# Quick TV setup guide needed



## MajorEyeswater (Jan 6, 2012)

Anyone know where I can download the quick setup guide for an Obserview SV-10.21-F flip-down TV as fitted to a 2007 Cheyenne 630 please?


----------



## richardjames (Feb 1, 2006)

I don't know if this will help or you could 'phone Sargents >>instructions<<<


----------



## cabby (May 14, 2005)

it must be me today i think.but the above two has had me in stitches. :lol: :lol: 

cabby


----------



## richardjames (Feb 1, 2006)

cabby said:


> it must be me today i think.but the above two has had me in stitches. :lol: :lol:
> 
> cabby


Go on tell us


----------



## MajorEyeswater (Jan 6, 2012)

It's TV setup info which i'm after, and the above link appears to be related to a reversing camera.

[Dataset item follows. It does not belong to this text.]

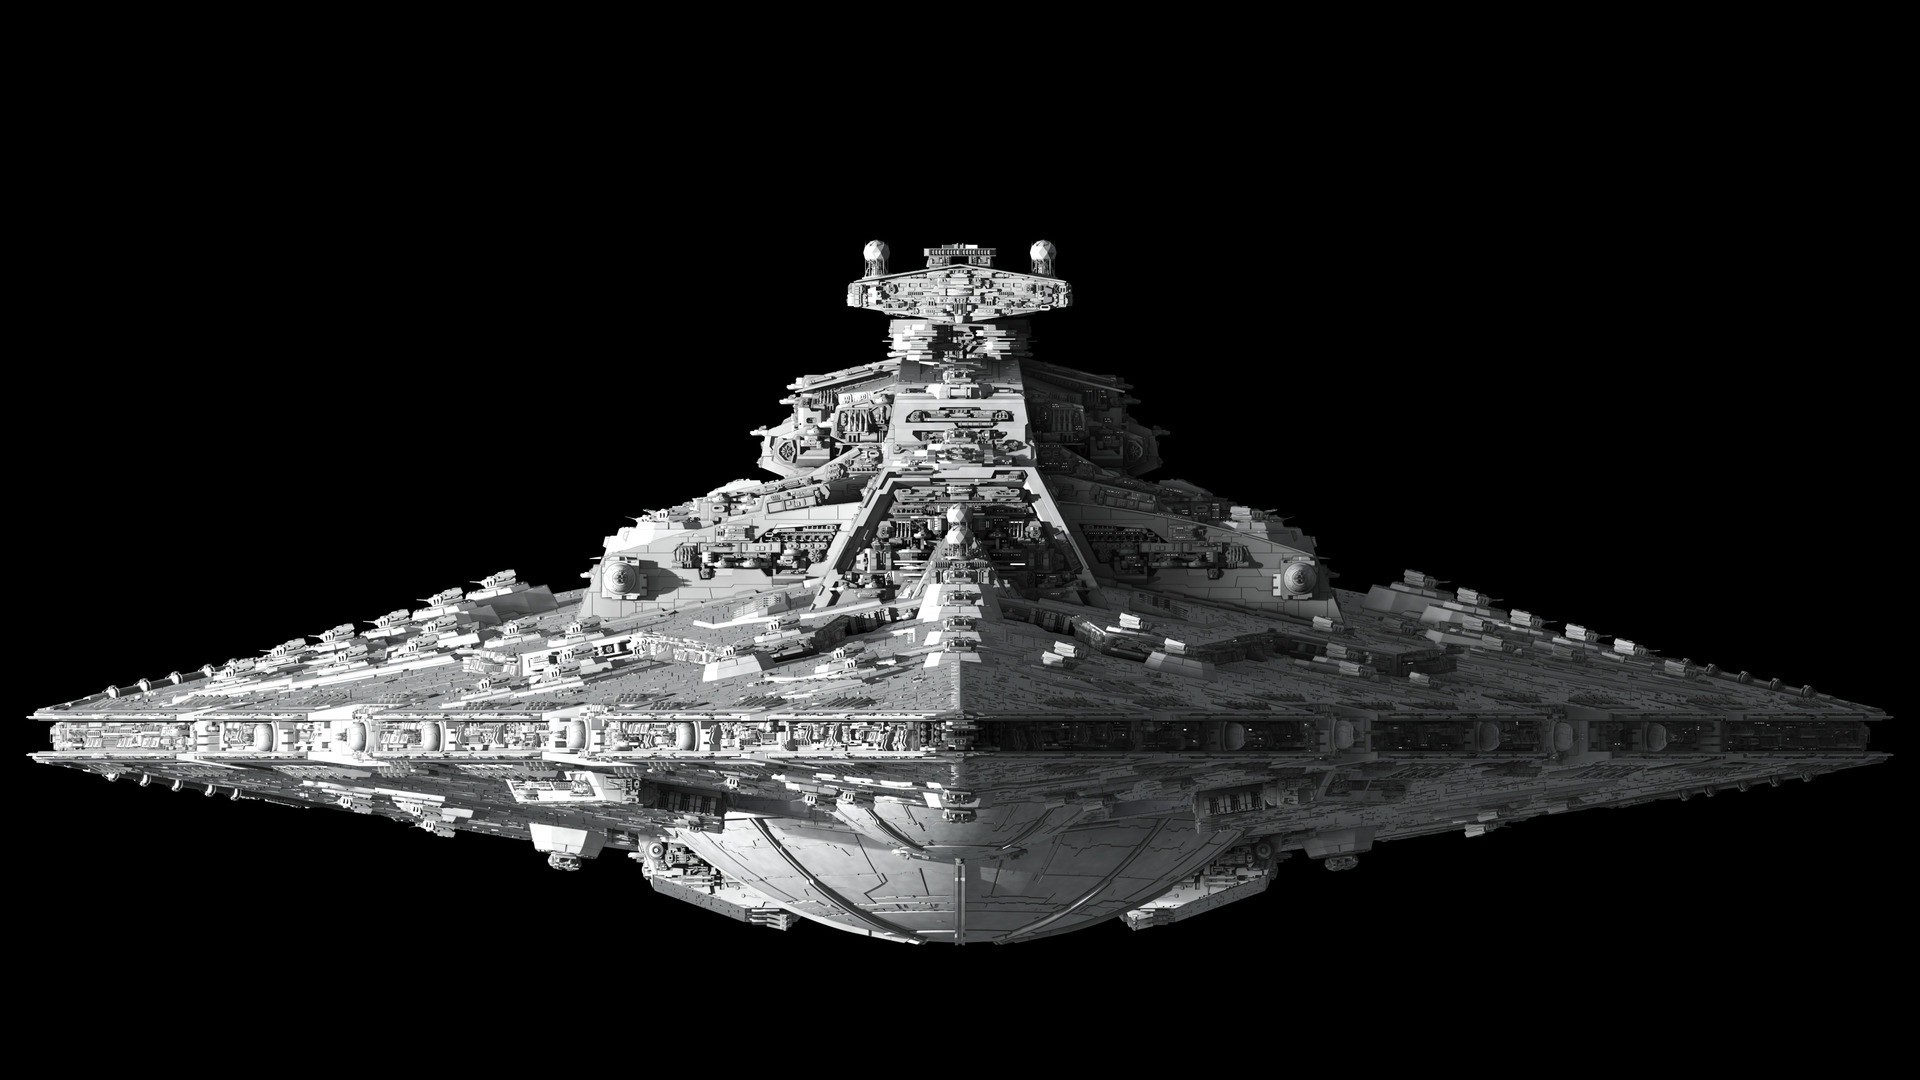 General 1920x1080 Star Wars Star Destroyer Imperial Forces CGI spaceship digital art science fiction Star Wars Ships fractalsponge vehicle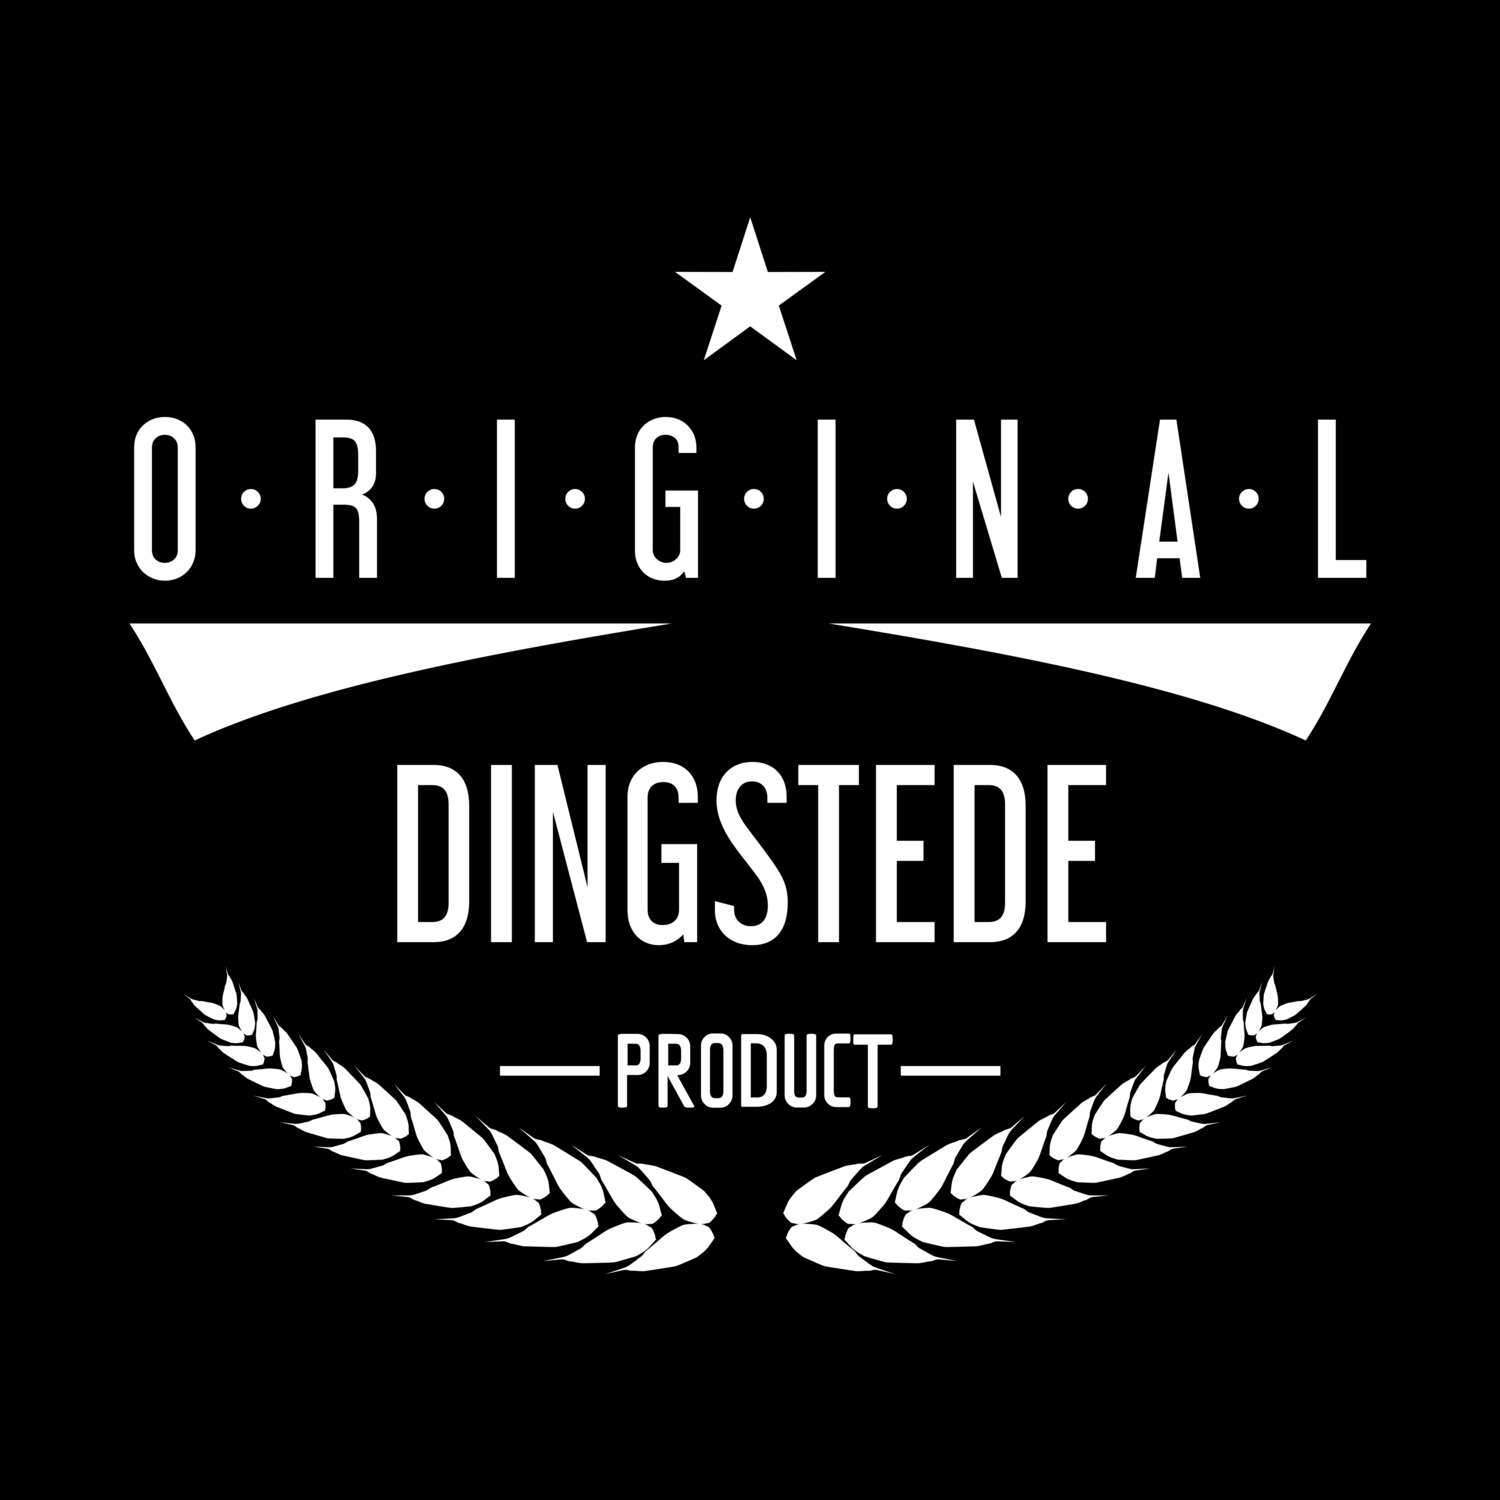 Dingstede T-Shirt »Original Product«

My brother in law is currently wintering in Spain and the TV they usually take with them has given up the ghost. 

He wants to start using the kit fitted in the M/H but has never used it before and can't find any instructions. 

Ideally I'd like to find a manufacturer's website for the Obserview unit so I can download some instructions for him.


----------



## Broom (Oct 8, 2007)

Hi

If you go onto the Auto Trail Owners Club web site its there, you can print it off.

Best Regards
Broom


----------



## cabby (May 14, 2005)

well done broom.that gets me off the hook, now that the problem is solved i can explain to richardjames my predicament.
it involves the majoreyewatering getting an answer from a sargent, just a play on words really. I'm just a buffoon today. :lol: :lol: :lol: 

cabby


----------



## richardjames (Feb 1, 2006)

cabby said:


> well done broom.that gets me off the hook, now that the problem is solved i can explain to richardjames my predicament.
> it involves the majoreyewatering getting an answer from a sargent, just a play on words really. I'm just a buffoon today. :lol: :lol: :lol:
> 
> cabby


You devil :twisted: :twisted:


----------